Your task: Write the listing below out again in full, dropping its pictures.

Information shown Block Start

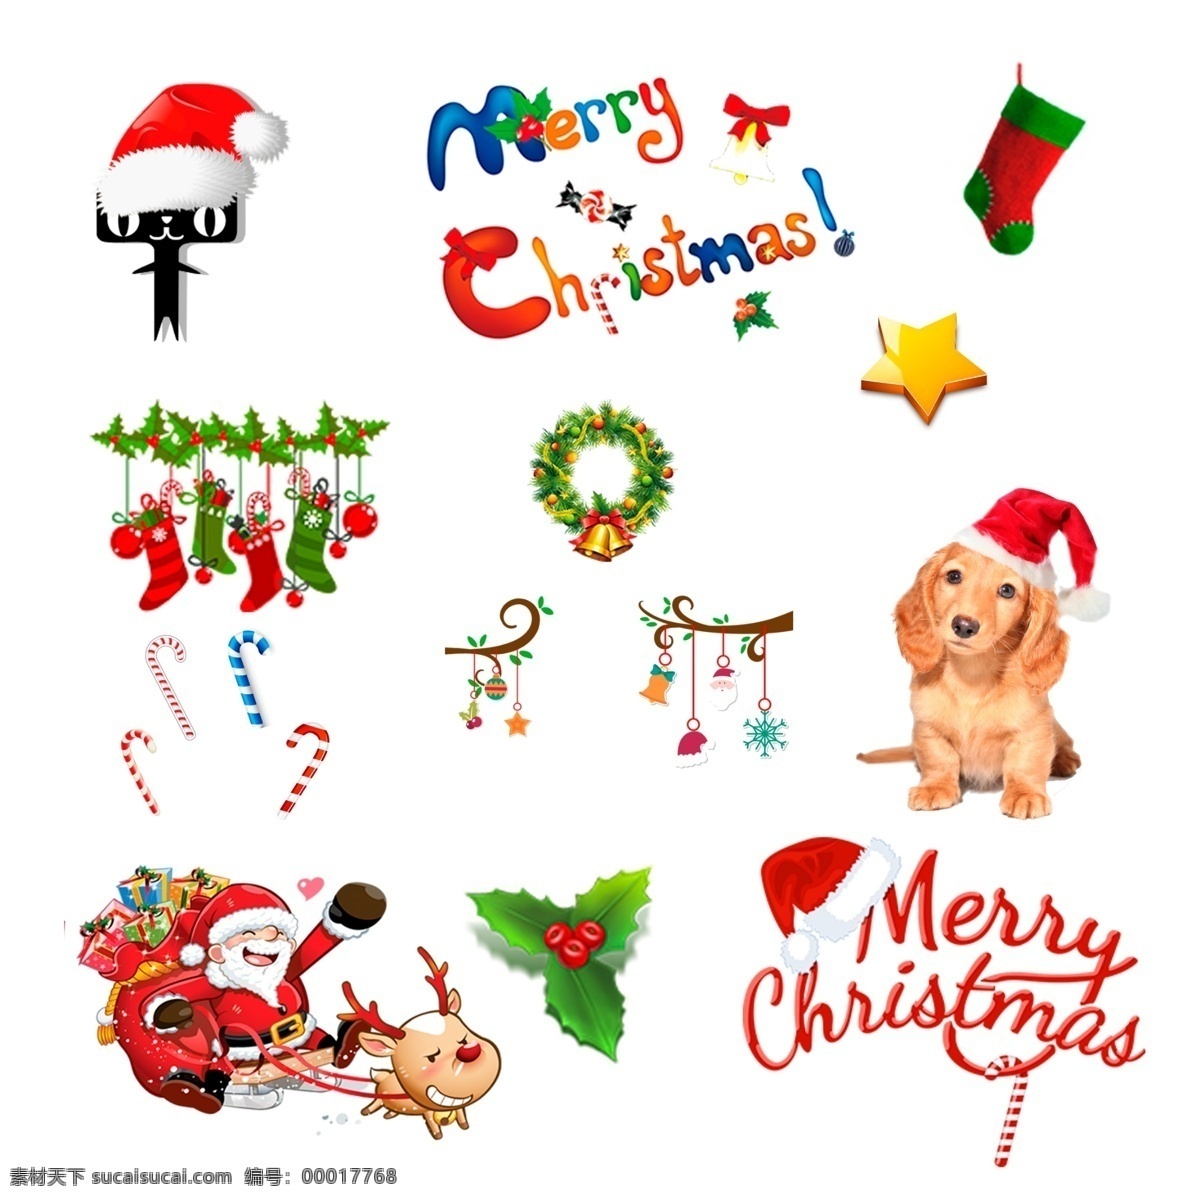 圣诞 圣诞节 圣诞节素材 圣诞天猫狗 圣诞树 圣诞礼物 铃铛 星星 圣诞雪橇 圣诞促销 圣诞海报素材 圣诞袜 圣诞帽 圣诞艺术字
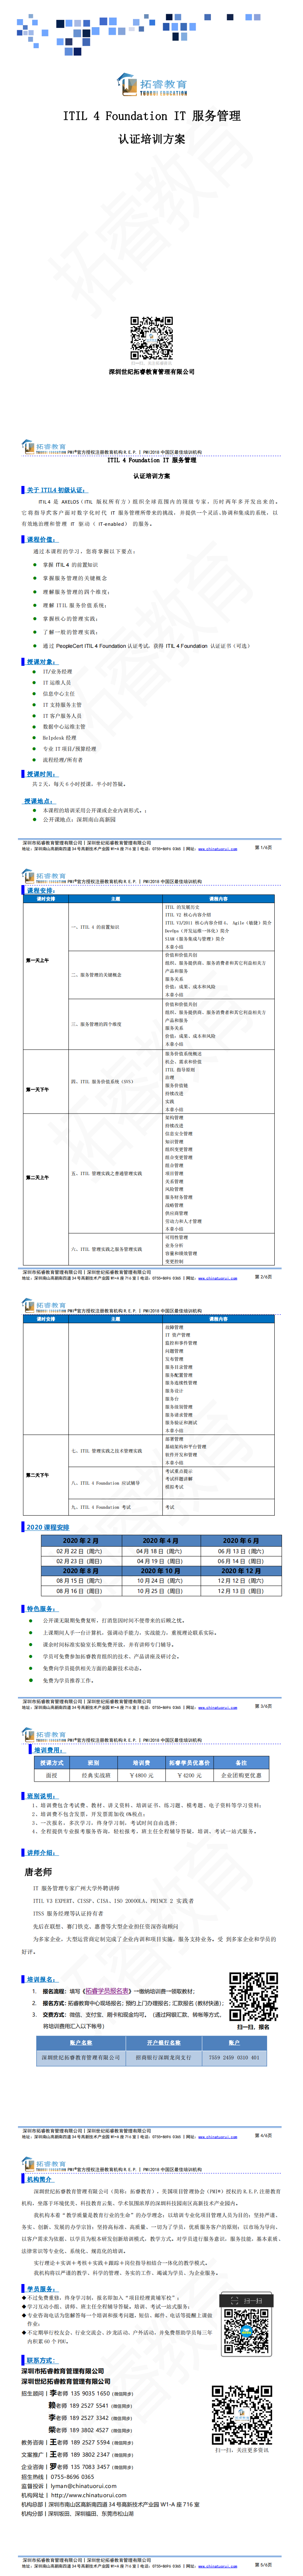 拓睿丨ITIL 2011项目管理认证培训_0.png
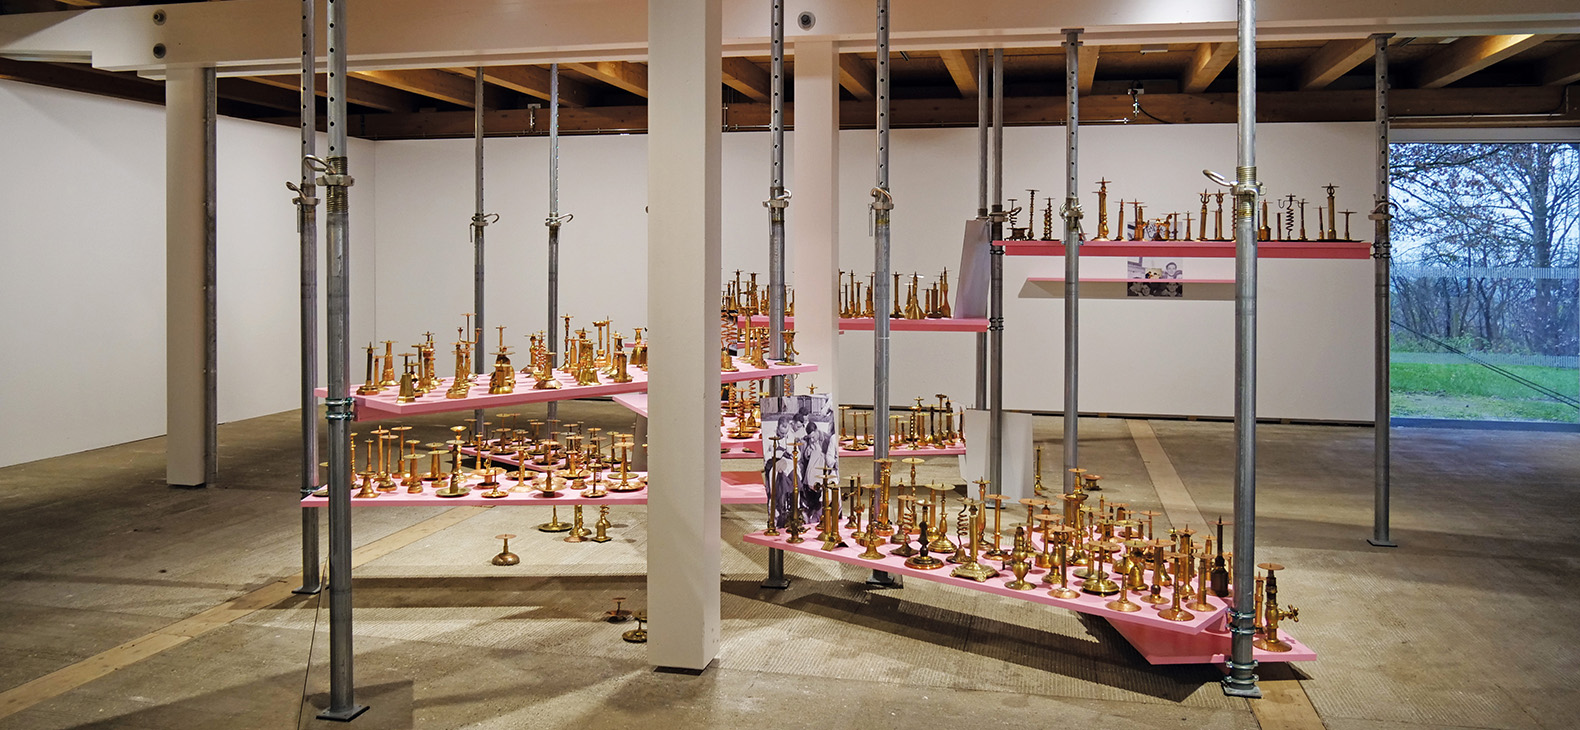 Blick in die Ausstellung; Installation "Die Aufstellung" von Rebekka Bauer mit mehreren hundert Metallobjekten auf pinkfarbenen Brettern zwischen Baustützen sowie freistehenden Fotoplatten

Information shown Block End

Output of the task:
 圣诞 圣诞节 圣诞节素材 圣诞天猫狗 圣诞树 圣诞礼物 铃铛 星星 圣诞雪橇 圣诞促销 圣诞海报素材 圣诞袜 圣诞帽 圣诞艺术字
 拓睿丨ITIL 2011项目管理认证培训_0.png
 Blick in die Ausstellung; Installation "Die Aufstellung" von Rebekka Bauer mit mehreren hundert Metallobjekten auf pinkfarbenen Brettern zwischen Baustützen sowie freistehenden Fotoplatten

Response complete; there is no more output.